En los relatos de P. inevitablemente siempre huele a humo. A corteza de cerdo, torreznos y boquerones fritos - aroma no menos tradicional en una jornada, la del 2 de noviembre, en la que los habitantes descendían en silencio a los cementerios de este lado del río, bajo las anónimas calles del pueblo.




( fot. Berta de la Vega)

B. regresa, nos cuenta luego, en su lugar de unas jornadas en Hervás, el pueblo extremeño en lo alto de la sierra de Béjar, el valle del Ambloz a sus pies. No había comenzado el frío aún y sus fotografías luminosas habían recogido la admiración por las intrincadas calles de la judería, las cercas de pizarra, la sombra entre las casas de piedra. Le brillan de nuevo los ojos. No ha llegado el invierno a ellos, comenta C., la científica ajena a la lírica, según afirma ella.
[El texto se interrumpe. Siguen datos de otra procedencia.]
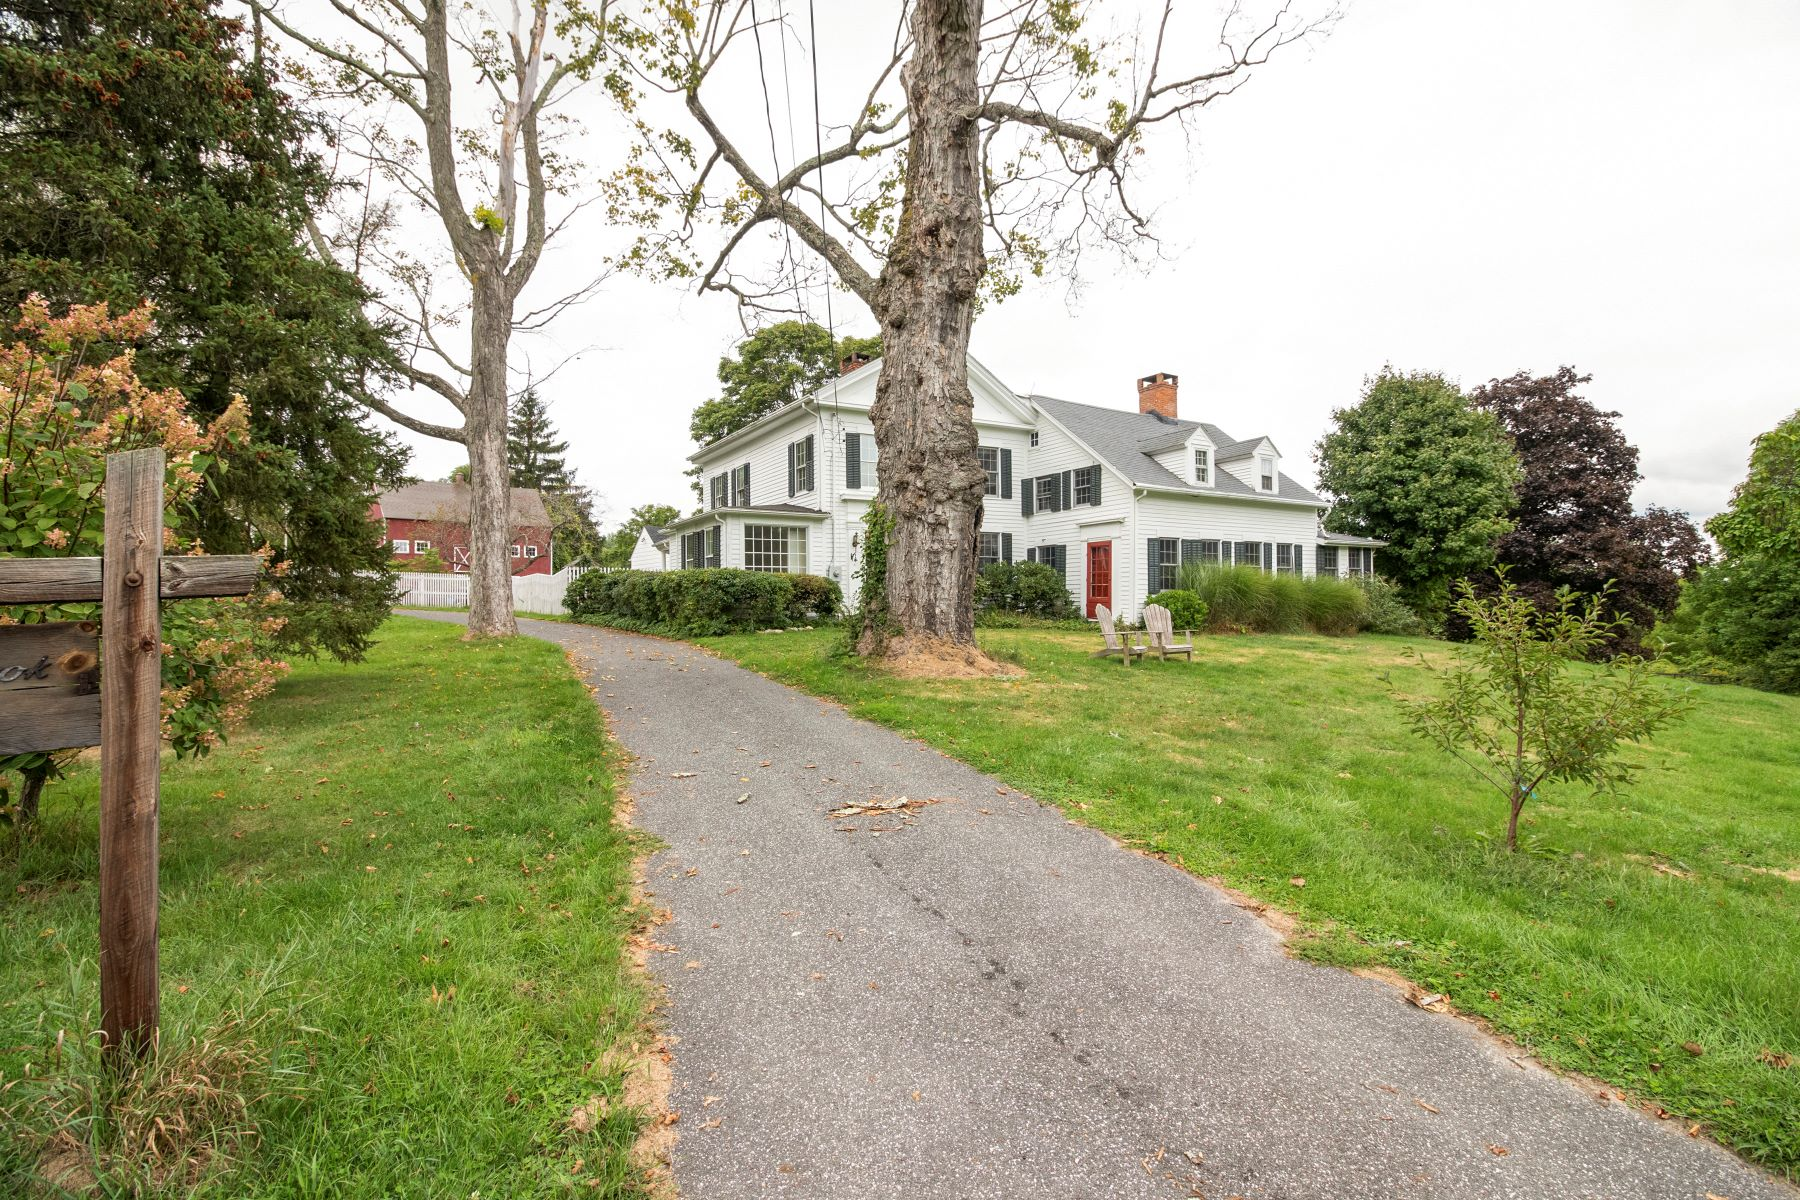 Single Family Homes для того Продажа на Own A Piece Of Southbury History 708 Spruce Brook Road Southbury, Коннектикут 06488 Соединенные Штаты

En algún lugar alguien nos ha invitado de nuevo a París, este otoño. A Toulouse o a una ignota librería de Roma. A. debería ir al Pacífico, a una exposición de sus cuadros. C. tiene un nuevo congreso en Cartagena de Indias o la Martinica, no sabe muy bien. A B. le han propuesto un reportaje fotográfico sobre Oporto, la ciudad y los puentes. El licenciado habla de regresar a Chiapas - de donde salió vivo de milagro en una excursión antropológica y alcohólica que aún recuerdan en la zona. A P. le han propuesto viajar al Perú, para no sé qué conferencias en un lugar que no sale en los mapas. No hay gallinejas ni vino de Arganda, ha indagado ya.

Comienza a llover. En el pueblo preparan ya estos días los buñuelos de aceite y crema, los huesos de santo, las flores para llevar al cementerio, unos trapos ásperos que utilizan para limpiar las lápidas todos los años.

Cuánto ruido allá afuera. Que viajen ellos.